Most users just run `tanml ui`. These help on teams/servers:

```bash
# Share on LAN
tanml ui --public

> [!WARNING]
> Using `--public` makes the UI accessible to anyone on your network. Only use this on trusted networks (like a VPN or secure office LAN) and never on public Wi-Fi.

# Different port
tanml ui --port 9000

# Headless (server/CI; no auto-open browser)
tanml ui --headless

# Larger limit (e.g., 2 GB)
tanml ui --max-mb 2048
```

Env var equivalents (Linux/macOS bash):

```bash
TANML_SERVER_ADDRESS=0.0.0.0 TANML_PORT=9000 TANML_MAX_MB=2048 tanml ui
```

Windows PowerShell:

```powershell
$env:TANML_SERVER_ADDRESS="0.0.0.0"; $env:TANML_PORT="9000"; $env:TANML_MAX_MB="2048"; tanml ui
```

**Defaults:** address `127.0.0.1`, port `8501`, limit `2048 MB`, telemetry **OFF**.

---

## Reports

TanML generates audit ready reports (.docx) programmatically:

* **Model Development Report** — Cross-validation metrics, diagnostics, and performance summary
* **Model Evaluation Report** — Train/Test comparison, drift analysis, stress testing, SHAP explainability
* **Feature Power Ranking Report** — Feature importance scores, correlation analysis

Reports are generated via `tanml/ui/reports/generators.py` and exported directly from the UI.

---

## Data Privacy

- TanML runs locally; no data is sent to external services.
- Telemetry is disabled by default (and can be forced off via `--no-telemetry`).
- **Security Note:** Running with the `--public` flag exposes the app to your local network. Ensure you are on a secure connection.
- UI artifacts and reports are written under `./tanml_runs/<session>/` in your working directory.

---

## Troubleshooting

* **Page didn’t open?** Visit `http://127.0.0.1:8501` or run `tanml ui --port 9000`.
* **Large CSVs are slow/heavy?** Prefer **Parquet**; CSV → DataFrame can use several GB RAM.
* **Artifacts missing?** Check `./tanml_runs/<session>/artifacts/`.
* **Corporate networks:** use `tanml ui --public` to share on LAN.

---

## Contributing

We welcome issues and PRs! See [CONTRIBUTING.md](CONTRIBUTING.md) for detailed setup instructions.
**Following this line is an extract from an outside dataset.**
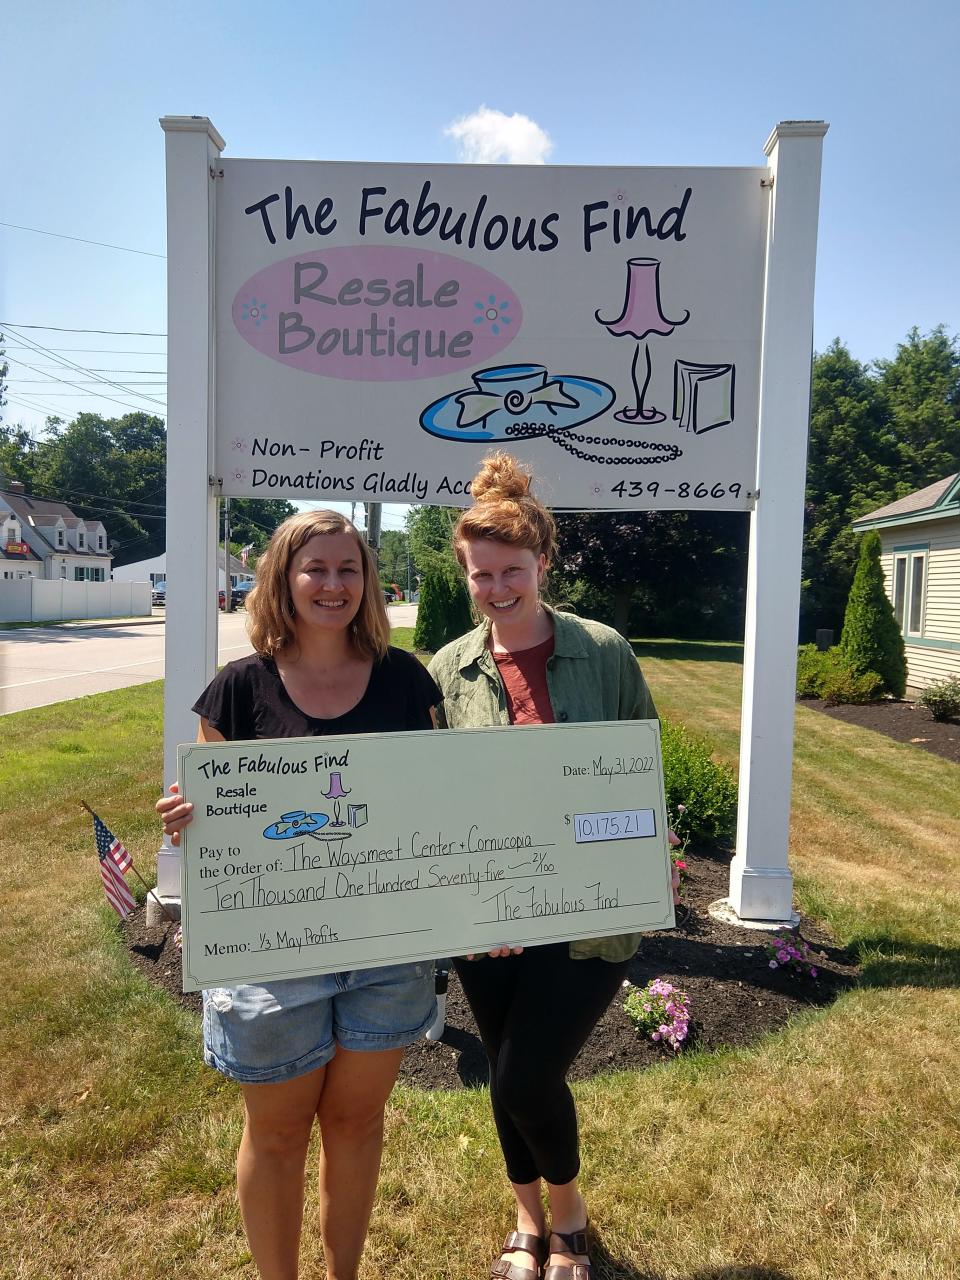 Alissa Megee, the Administrative Manager at The Waysmeet Center, and Avary Thorne from The Waysmeet Center Board of Directors, receiving the check for this very generous donation from The Fabulous Find.

1. **Clone & Setup**: `git clone https://github.com/tdlabs-ai/tanml.git`
2. **Environment**: `python -m venv .venv && source .venv/bin/activate`
3. **Install**: `pip install -e .[dev]`
4. **Test**: `pytest`

---

## License & Citation

**License:** MIT. See [LICENSE](https://github.com/tdlabs-ai/tanml/blob/main/LICENSE).  
SPDX-License-Identifier: MIT

© 2025 Tanmay Sah and Dolly Sah. You may use, modify, and distribute this software with appropriate attribution.

### How to cite

If TanML helps your work or publications, please cite:

> Sah, T., & Sah, D. (2025). *TanML: Automated Model Validation Toolkit for Tabular Machine Learning Models* [Software]. Zenodo. [https://doi.org/10.5281/zenodo.17317165](https://doi.org/10.5281/zenodo.17317165)
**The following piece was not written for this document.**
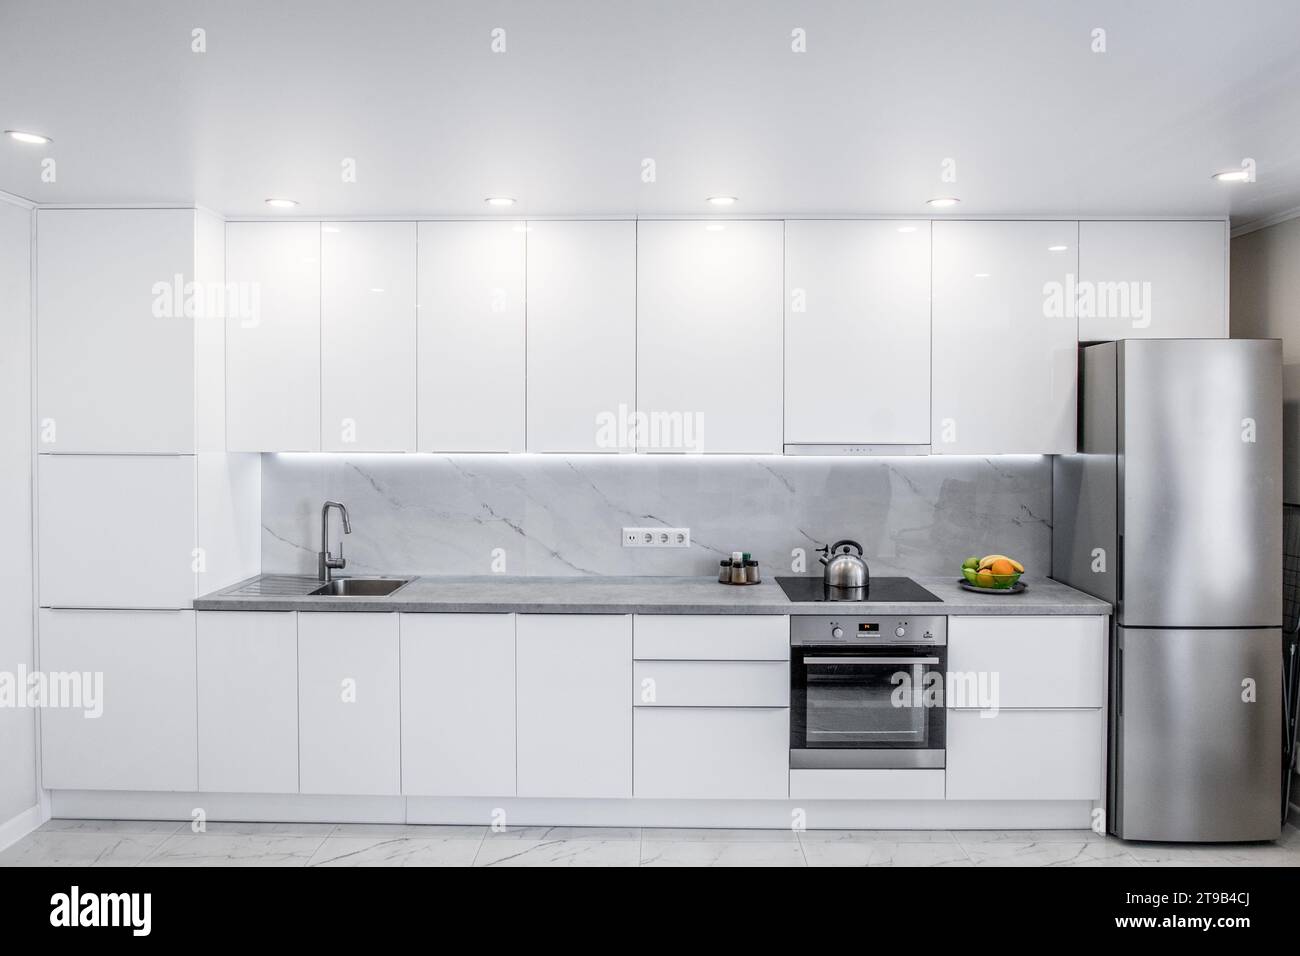 Front view of a modern white kitchen with many cabinets and all the necessary built-in appliances Stock Photo

Or in BibTeX (version-agnostic):

```bibtex
@software{tanml_2026,
  author       = {Sah, Tanmay and Sah, Dolly},
  title        = {TanML: Automated Model Validation Toolkit for Tabular Machine Learning Models},
  year         = {2026},
  publisher    = {Zenodo},
  doi          = {10.5281/zenodo.17317165},
  url          = {https://doi.org/10.5281/zenodo.17317165},
  license      = {MIT}
}
```

A machine-readable citation file (`CITATION.cff`) is included for citation tools and GitHub’s “Cite this repository” button.

---

## AI Disclosure

Portions of this codebase (including tests, documentation, and the data_loader module) were refactored and generated with the assistance of Large Language Models (LLMs). All AI-generated contributions have been reviewed and verified by the human maintainers.